**WHAT IS BEING ASKED:**
Print nothing but the lines below starting at the line that holds "Multimedia surveillance and" and ending at the line that holds "Nappe rectangulaire - 100", including both, each exactly as written.

**DATA SHOWN:**
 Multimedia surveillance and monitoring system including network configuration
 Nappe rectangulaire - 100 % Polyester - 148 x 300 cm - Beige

...

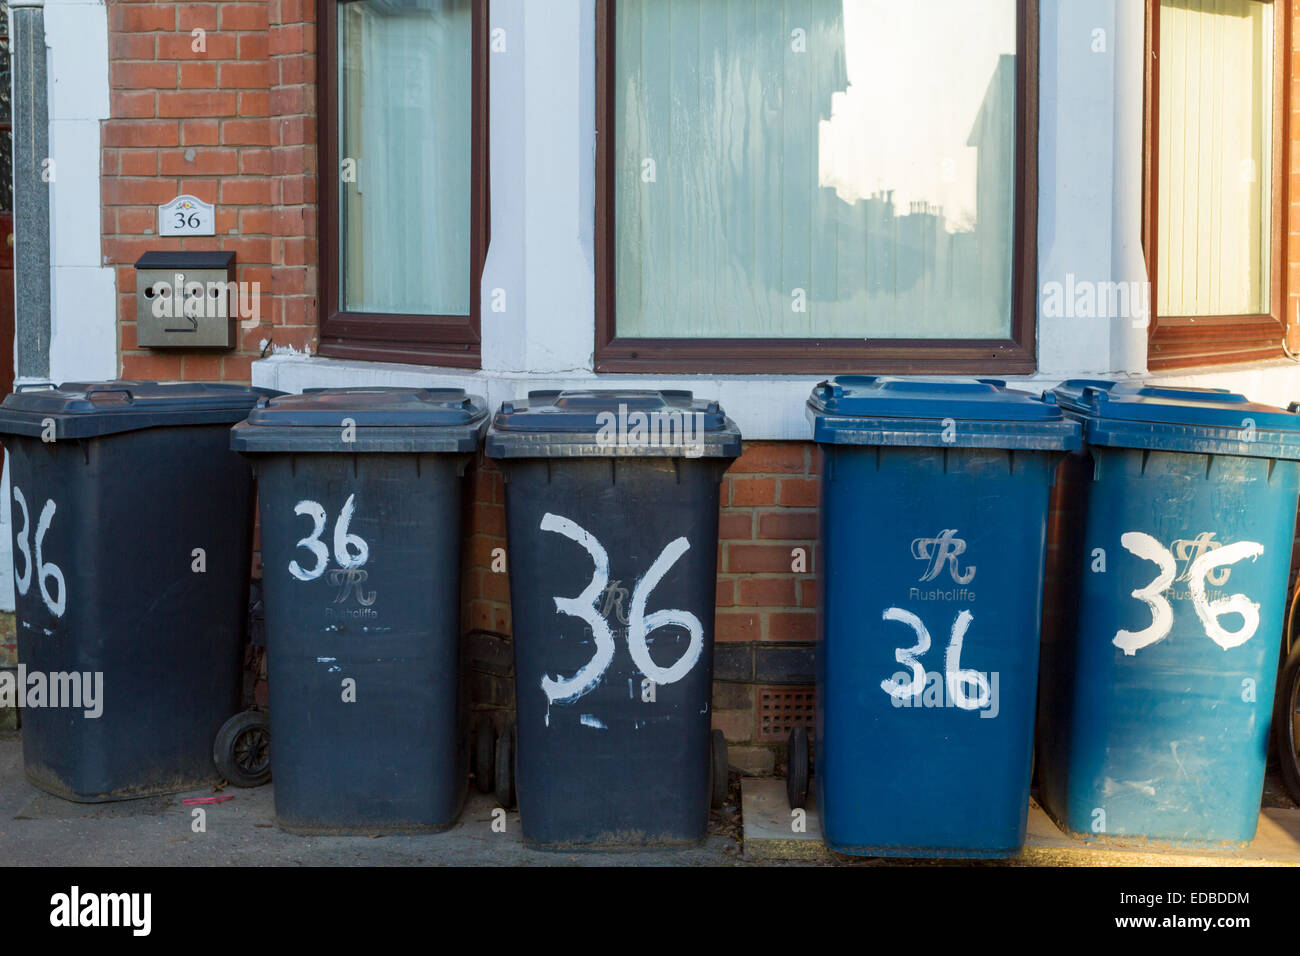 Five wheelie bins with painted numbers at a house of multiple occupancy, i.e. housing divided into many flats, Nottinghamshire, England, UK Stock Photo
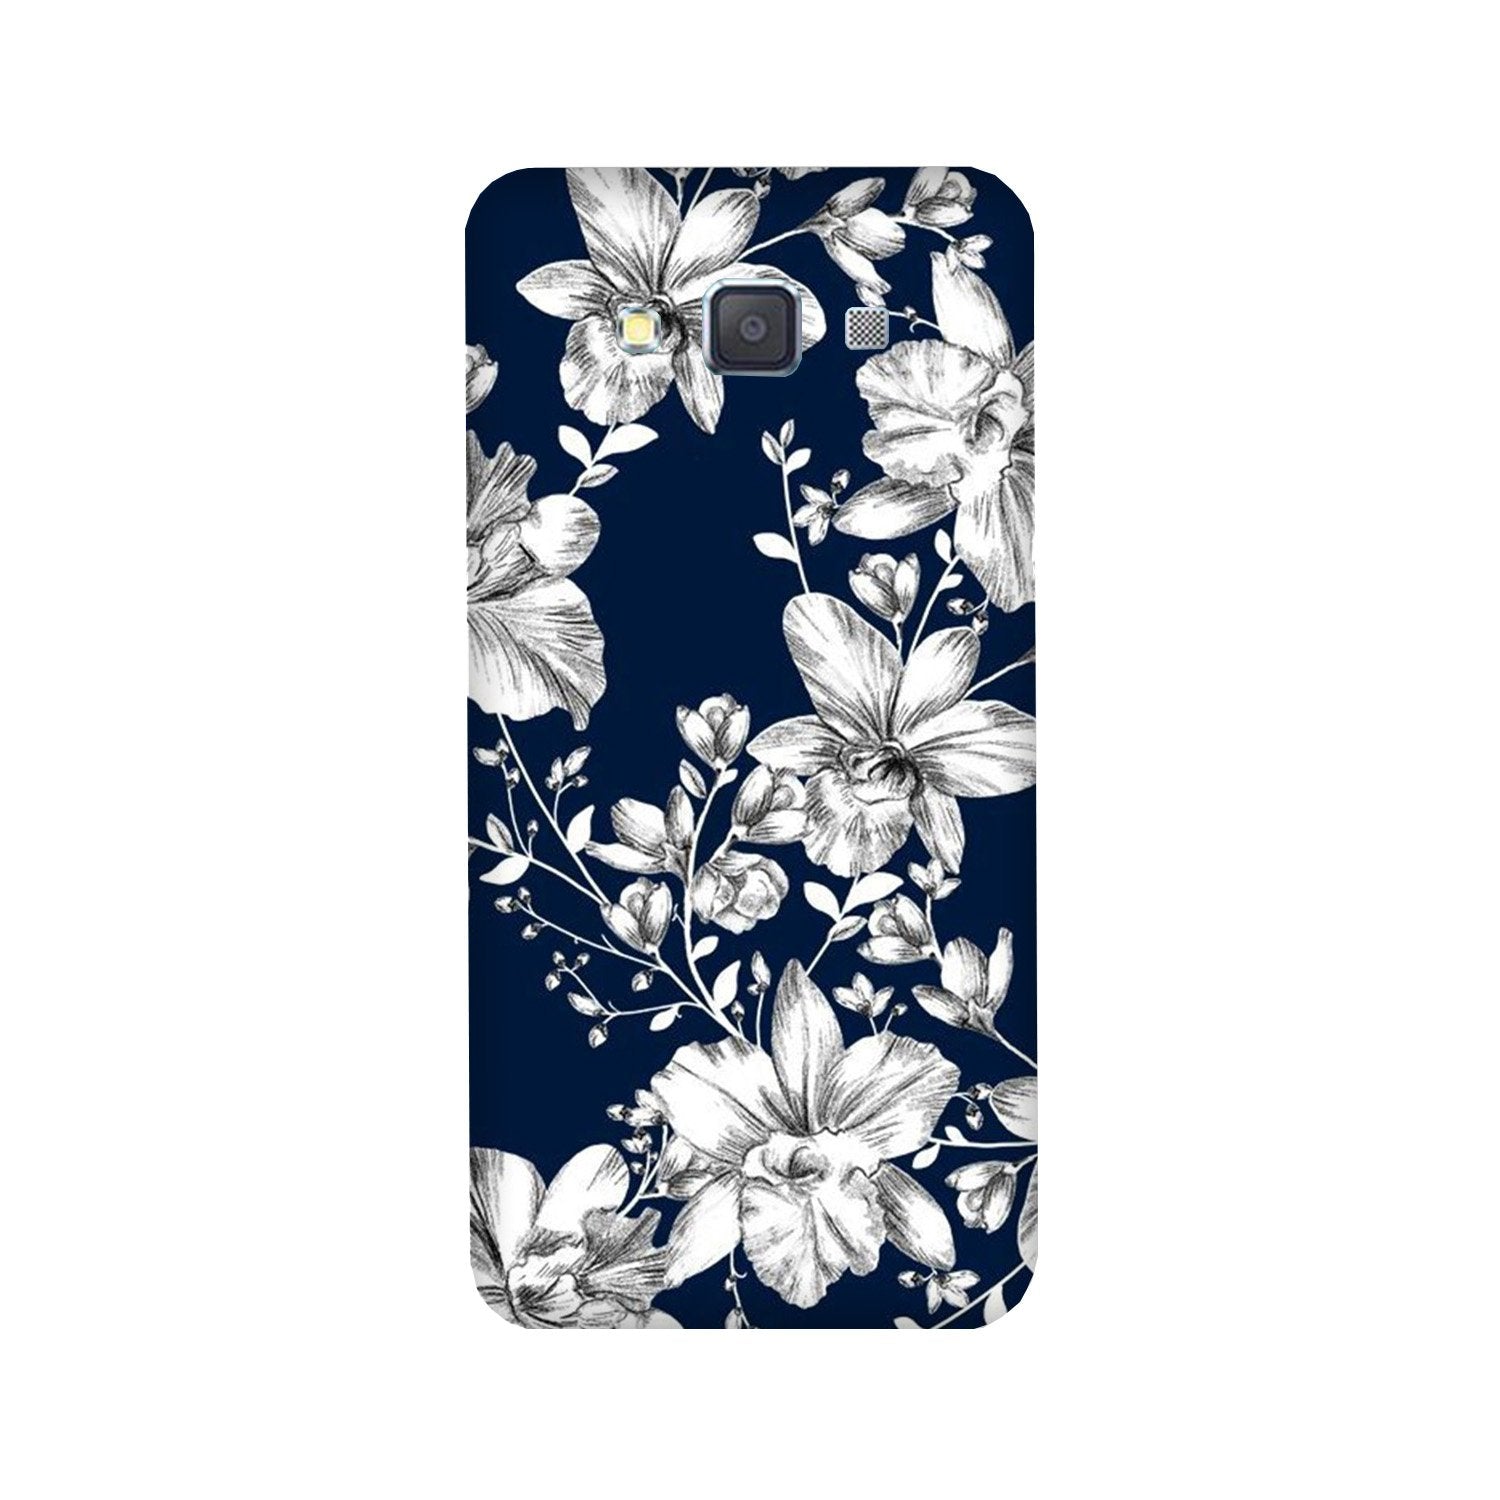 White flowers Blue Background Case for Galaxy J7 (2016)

...

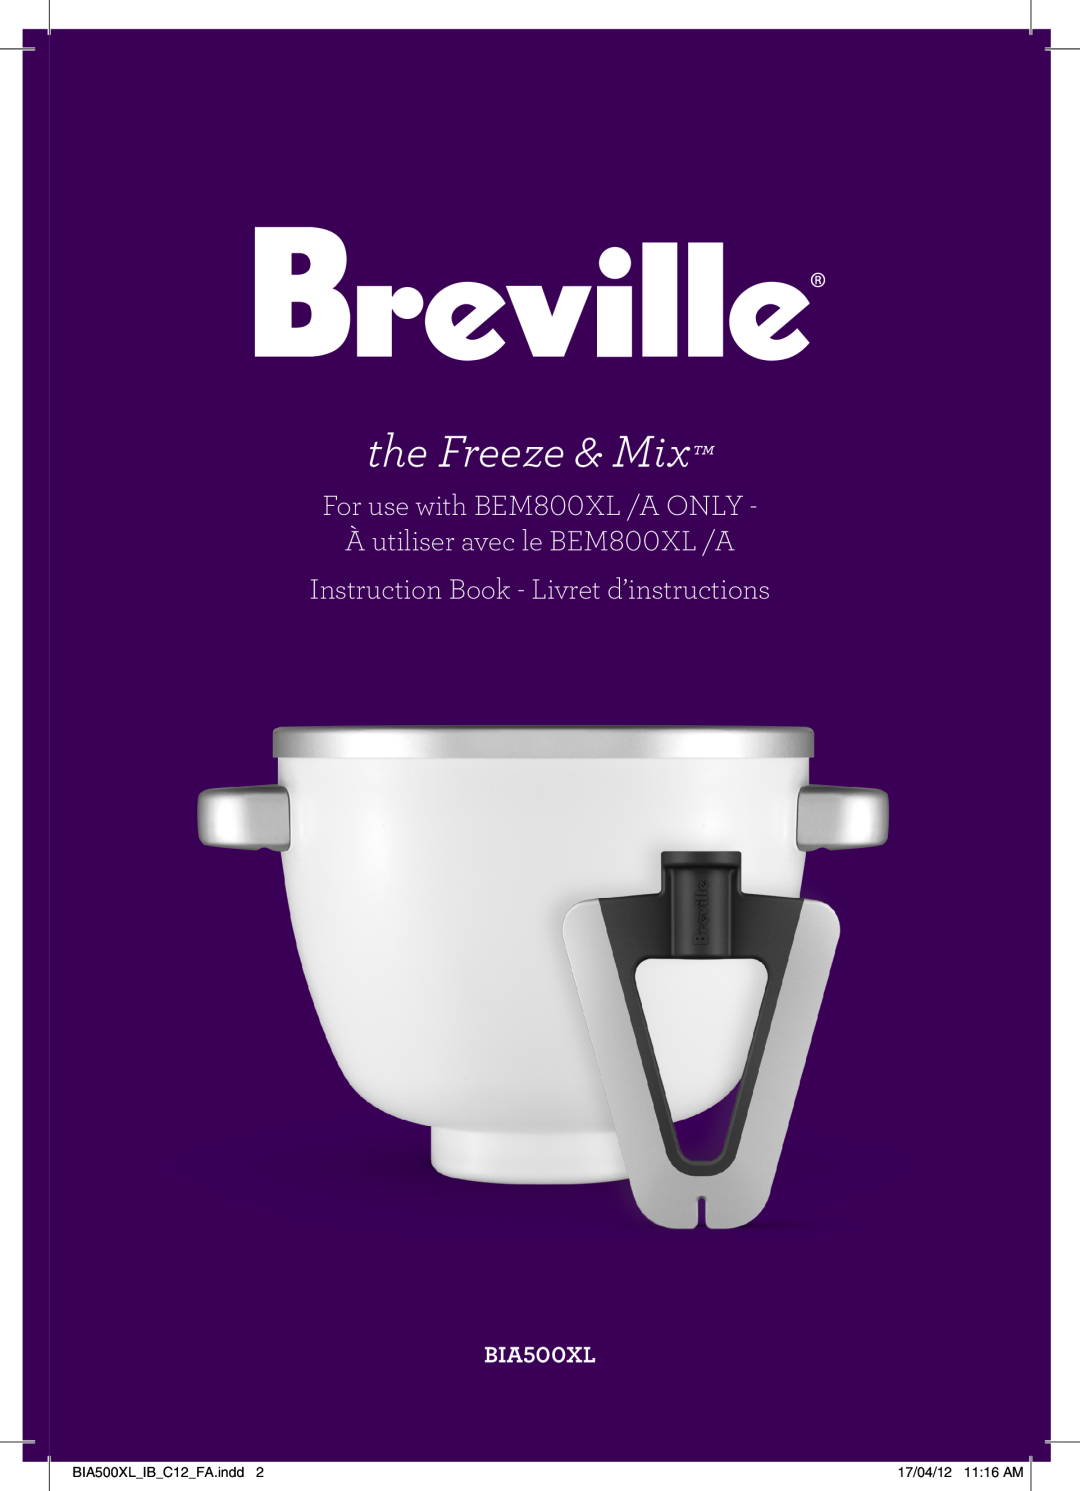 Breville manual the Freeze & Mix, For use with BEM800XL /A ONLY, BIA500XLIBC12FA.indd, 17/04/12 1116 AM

**SOLVED PROBLEM:**
 Multimedia surveillance and monitoring system including network configuration
 Nappe rectangulaire - 100 % Polyester - 148 x 300 cm - Beige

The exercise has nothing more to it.